Terrorists Will Strike America Again

commentary

Jan 19, 2010

This commentary originally appeared in Los Angeles Times on January 19, 2010.

The Obama administration's mea culpa over the failure to prevent the attempted bombing of a U.S. airliner bound for Detroit on Christmas Day is understandable but misses the point. Yes, the United States can do better at catching would-be attackers; that will always be the case. But the truth is that there is no absolute security—short of conceding victory to the terrorists by making it impossible for foreigners to visit the U.S., hellish for Americans to fly and difficult for all to live normal lives.

America's tolerance for terrorism cannot be zero. Although we obviously aim to do as much as possible, preventing every attack is an unattainable goal. The country needs to steel itself for the near-certainty that there will at some point be another major strike on U.S. territory.

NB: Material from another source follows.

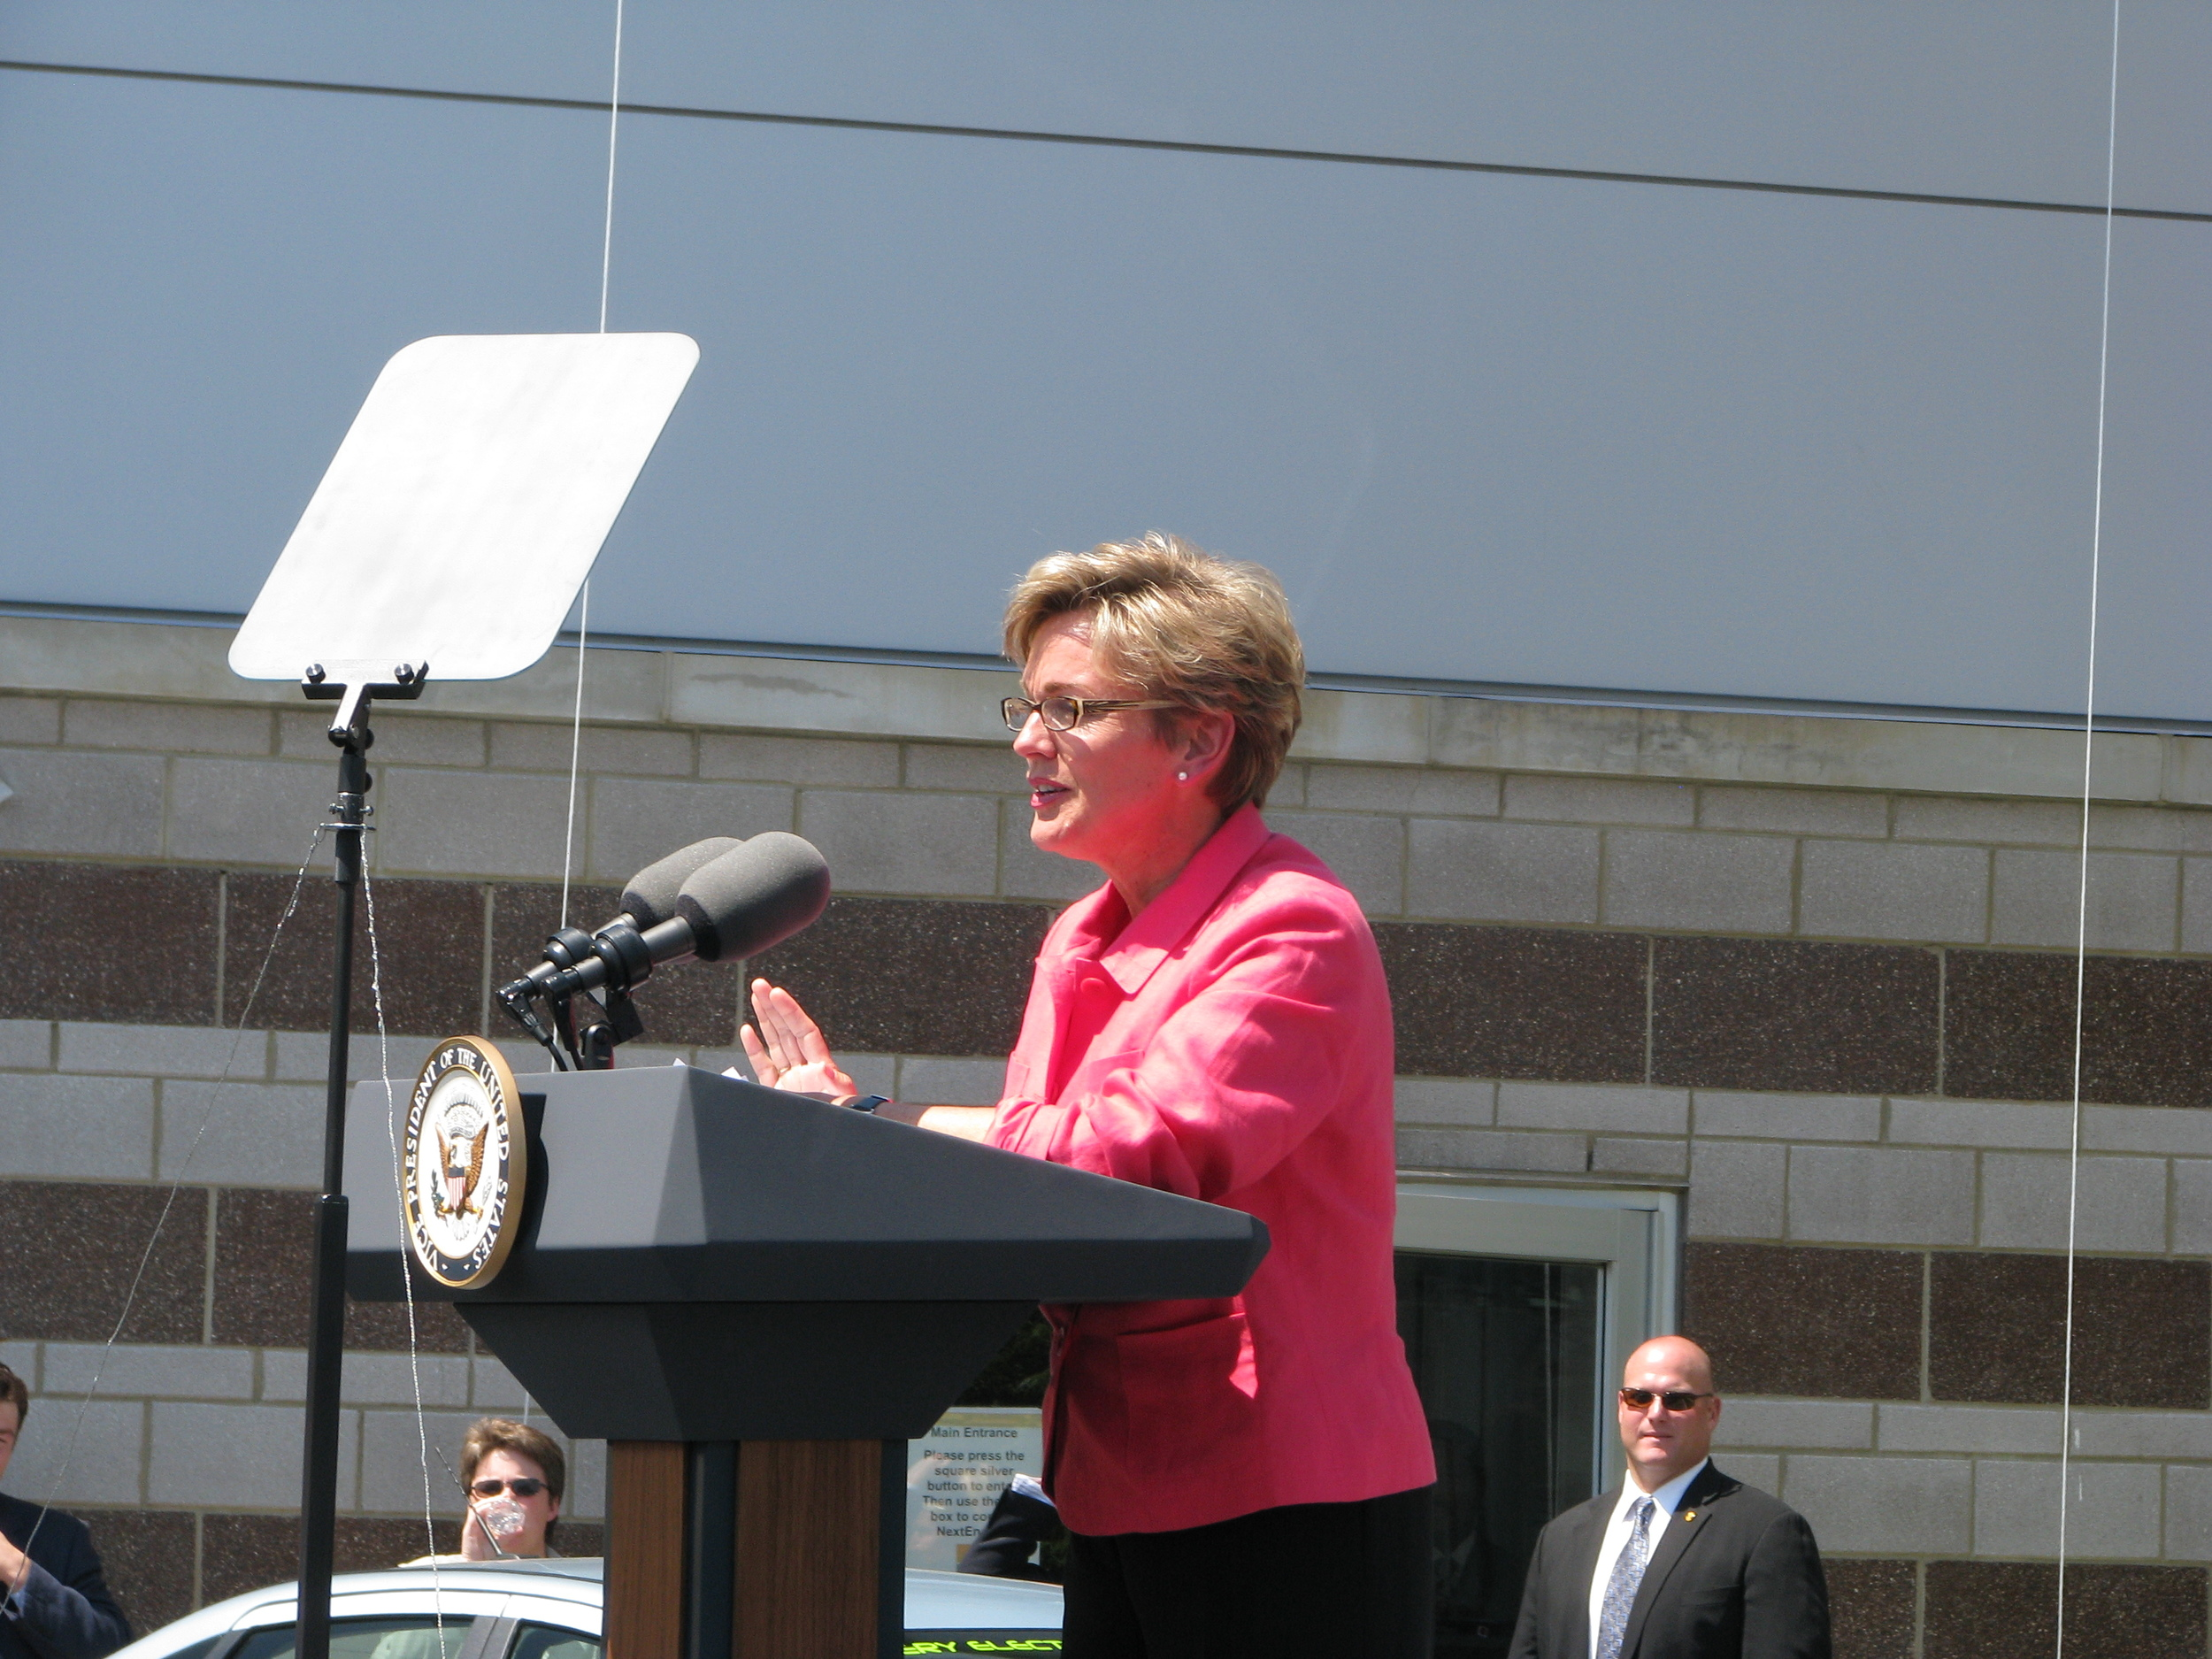 Governor Granholm, introducing Mr. Biden.

Even if the U.S. curtailed civil liberties to a degree most citizens would find intolerable, sooner or later some suicidal terrorist would find a way to manage a successful attack. The greatest threat may come from lone wolves with scanty records, as is apparently the case with the accused Ft. Hood shooter, or from someone who acts alone even if trained and equipped by one of Al Qaeda's offshoots, as the would-be Detroit bomber allegedly did.

The Christmas Day episode highlights three critical points.

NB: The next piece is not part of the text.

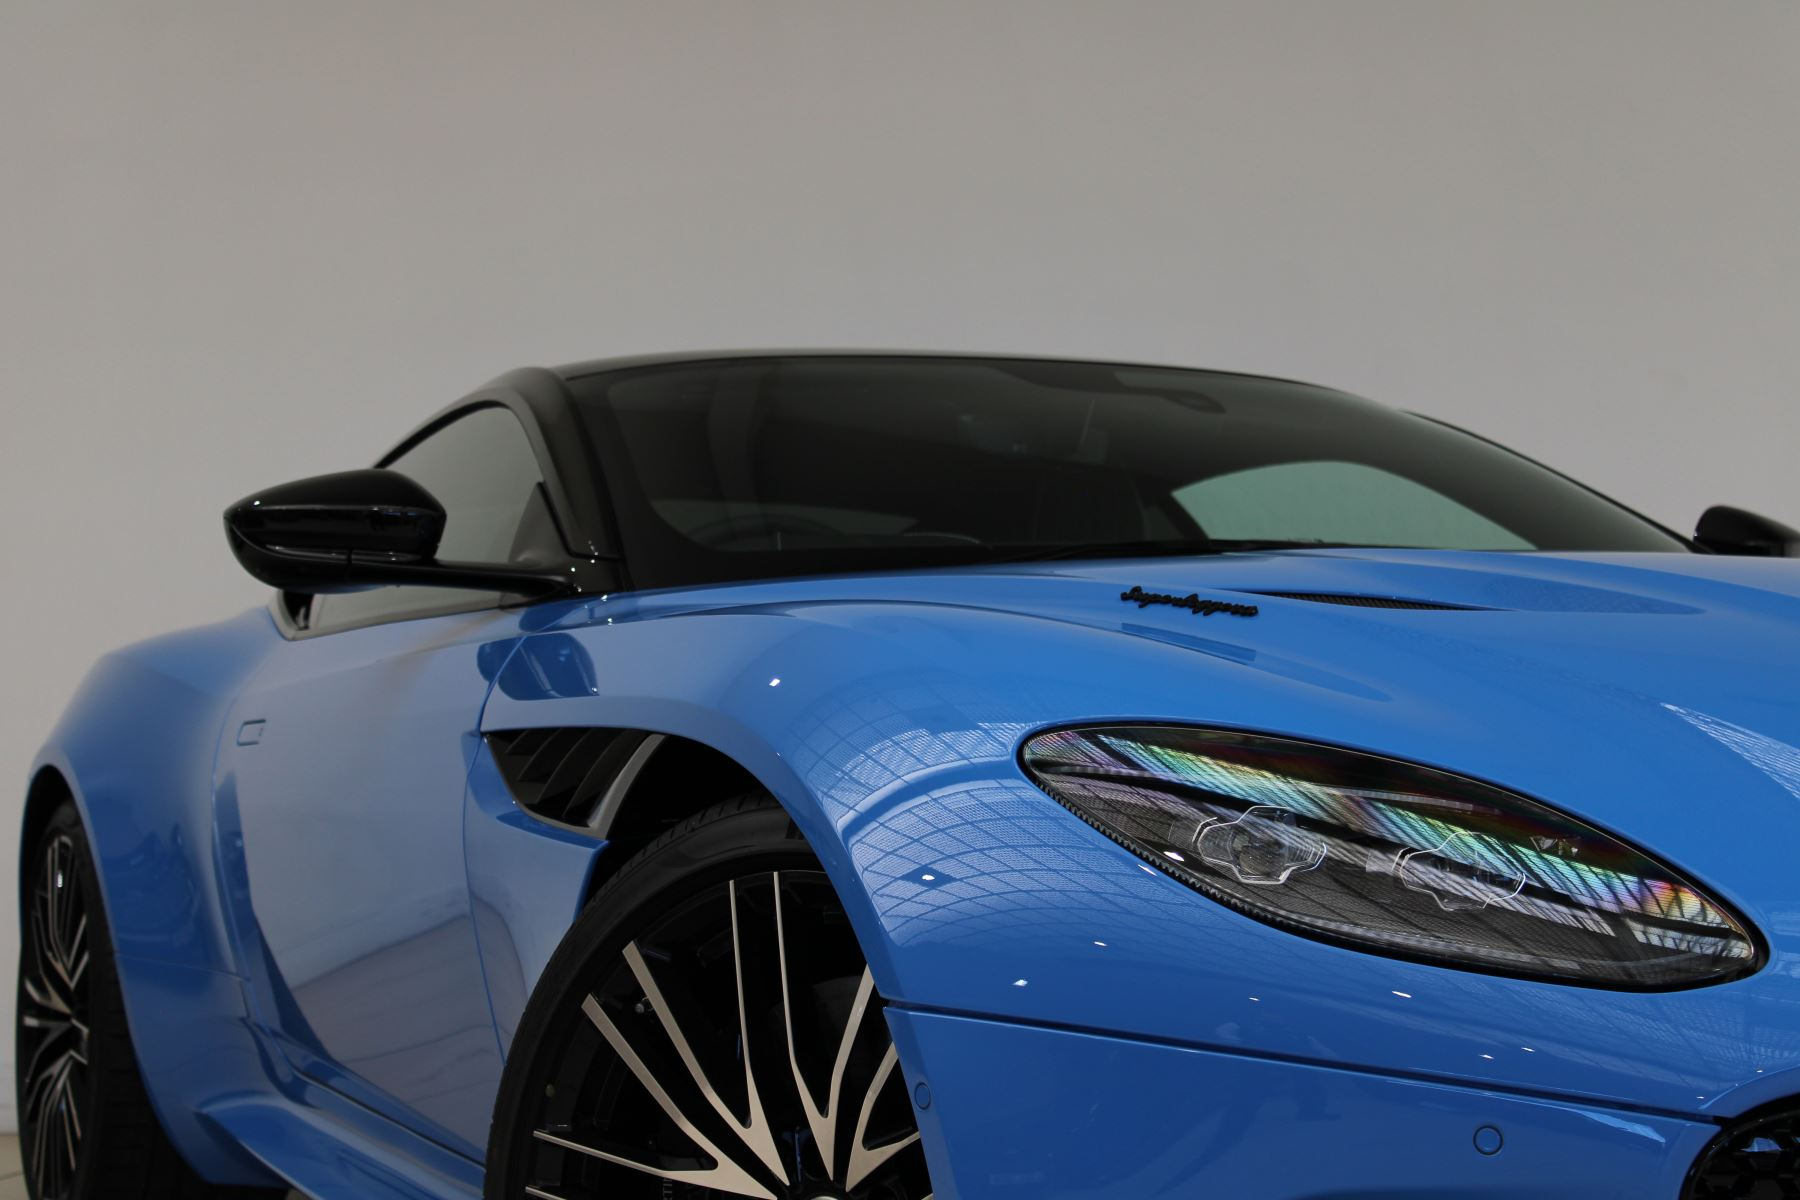 Aston Martin DBS V12 Superleggera Touchtronic Special Ceramic Blue - B&O image 6

First is how much progress U.S. intelligence has made. The 9/11 attacks were blamed on a failure to "connect the dots." But foiling that plot would have required not just creative leaps of foresight by intelligence analysts, but also the political will to take draconian actions to prevent a large-scale attack organized from abroad on U.S. soil (something that hadn't happened since Pearl Harbor and was therefore almost unthinkable).

By contrast, Umar Farouk Abdulmutallab and his alleged Yemeni helpers were on the U.S. radar screen. Simply singling him out for a body search might have done the job. The intelligence community certainly failed to connect the dots, but at least this time it had the dots.

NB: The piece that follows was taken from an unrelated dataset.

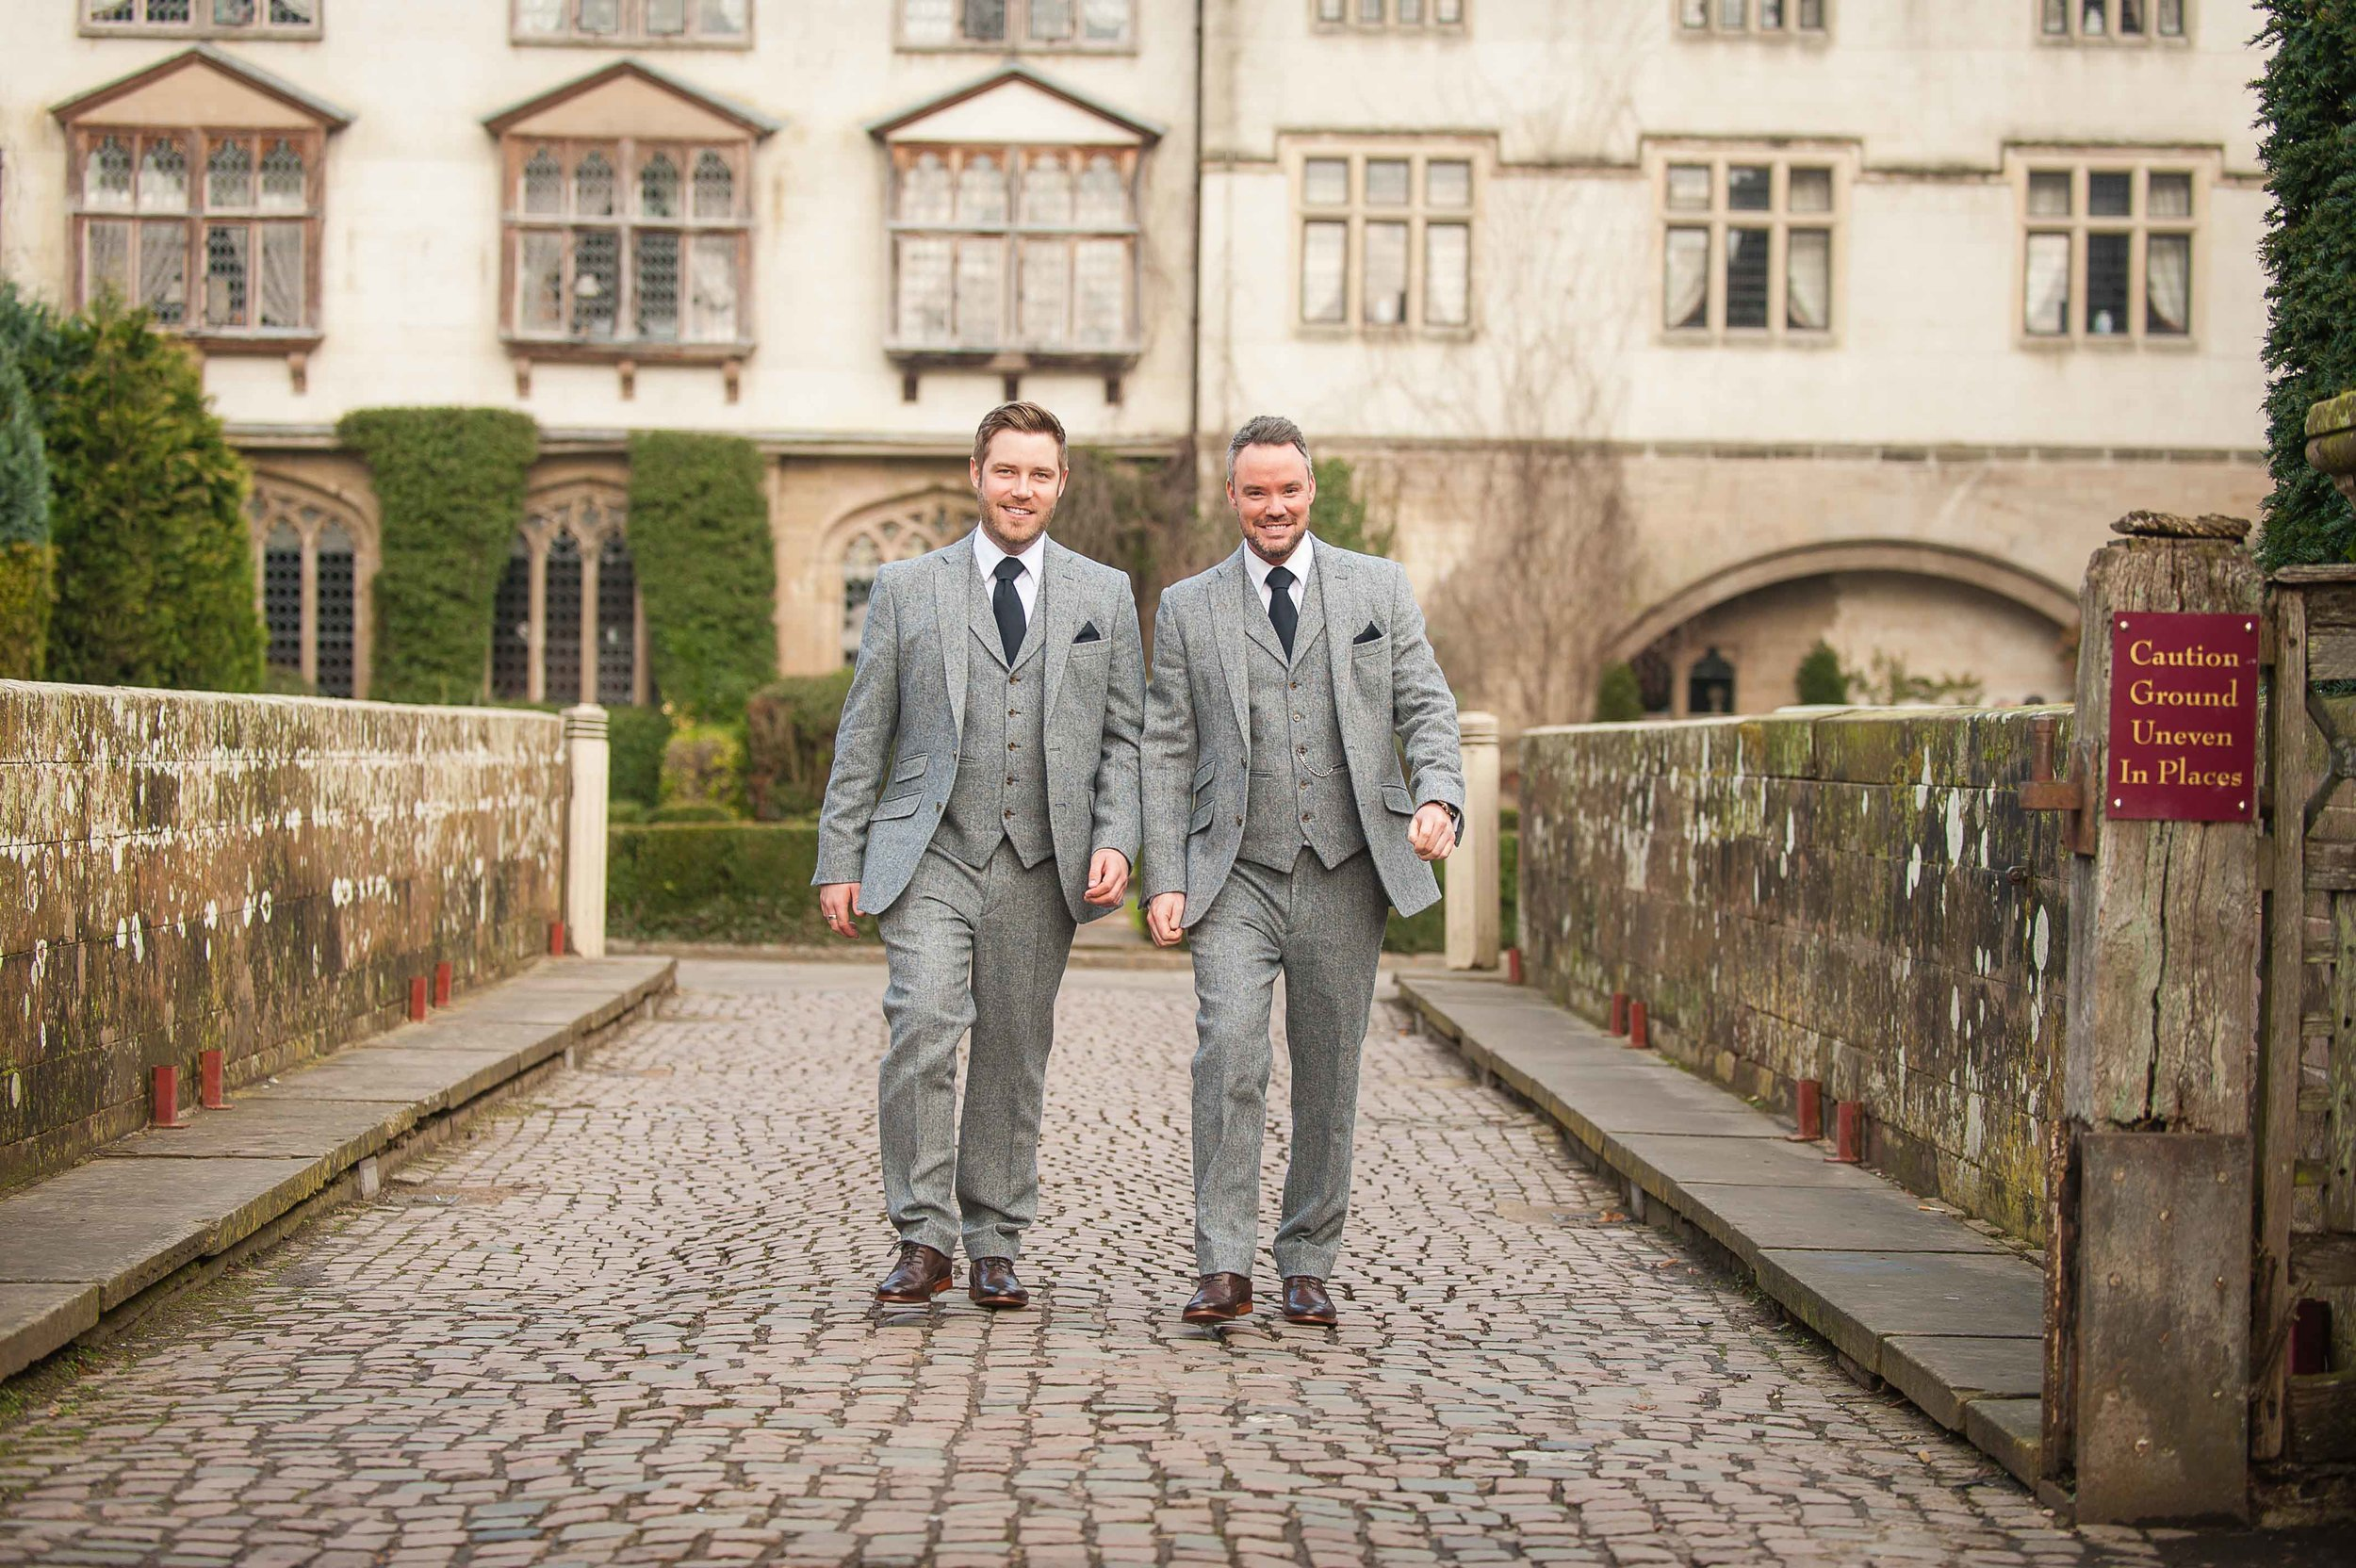 14.02.17 - Matt-Faye-Coombe-Abbey-Valentine-Wedding-Charnwood-Photography-1023.jpg

Second, the Christmas Day plot demonstrates that much of what passes for security is a waste of time and money. It often seems designed more to bother people than to prevent terrorism. The mass screening of departing passengers in Amsterdam was, almost by definition, too little to catch the "underwear bomber" and probably too much for his innocent fellow passengers.

Finding the right balance is terribly difficult, but what's needed is less mass screening of all those proverbial grandmothers. Racial and ethnic profiling is not only provocative, it is also ineffective, because it produces far too many "false positives"—people subjected to secondary screening without cause. Rather, what we need is more screening and profiling based on intelligence to provide grounds for suspicion (which should have included the would-be Detroit bomber) or on suspicious behavior (like having no luggage or paying cash for the ticket).

Third, the public furor over the foiled plot shows that more perspective on terrorism is essential. Terrorism frightens Americans because it seems so random. But it does not kill many. In the five years after 2001, the number of Americans killed per year in terrorist attacks worldwide was never more than 100, and the toll some years was barely in double figures. Compare that with an average of 63 by tornadoes, 692 in bicycle accidents and 41,616 in motor-vehicle-related accidents.

Calling another attack "intolerable" is wishful thinking, not making policy. Some honest talk would be useful, so that when the next major attack comes—as it surely will—we can respond rationally and not just emotionally.

Soon after 9/11, I was seated at dinner next to former Defense Secretary Harold Brown. I asked him how much of a threat to the U.S. the attacks represented. His answer surprised me at the time, but he was right: On a scale of 1 to 10, the Cuban missile crisis of 1962 was an 8, he said; 9/11 was a 3. Those who lost their lives and their loved ones suffered mightily, and, as with any disaster, the psychological effect was magnified by the number of people who were killed at the same time. But for the nation, it was a blow, not a mortal threat.

When it comes to weathering terror attacks, the reaction of Israelis is instructive. After every bombing, they clean up as fast as possible. Thus, life can go on and the terrorists won't be given a victory. By contrast, Americans let fear of terrorism stop life. So the terrorists win.

America's security and intelligence apparatus can always do better. But it will never be able to stop every terrorist plot—a grim reality Americans need to grasp.


Gregory F. Treverton, a former vice chairman of the National Intelligence Council, directs the RAND Corp.'s Center for Global Risk and Security and is the author of "Intelligence for an Age of Terror."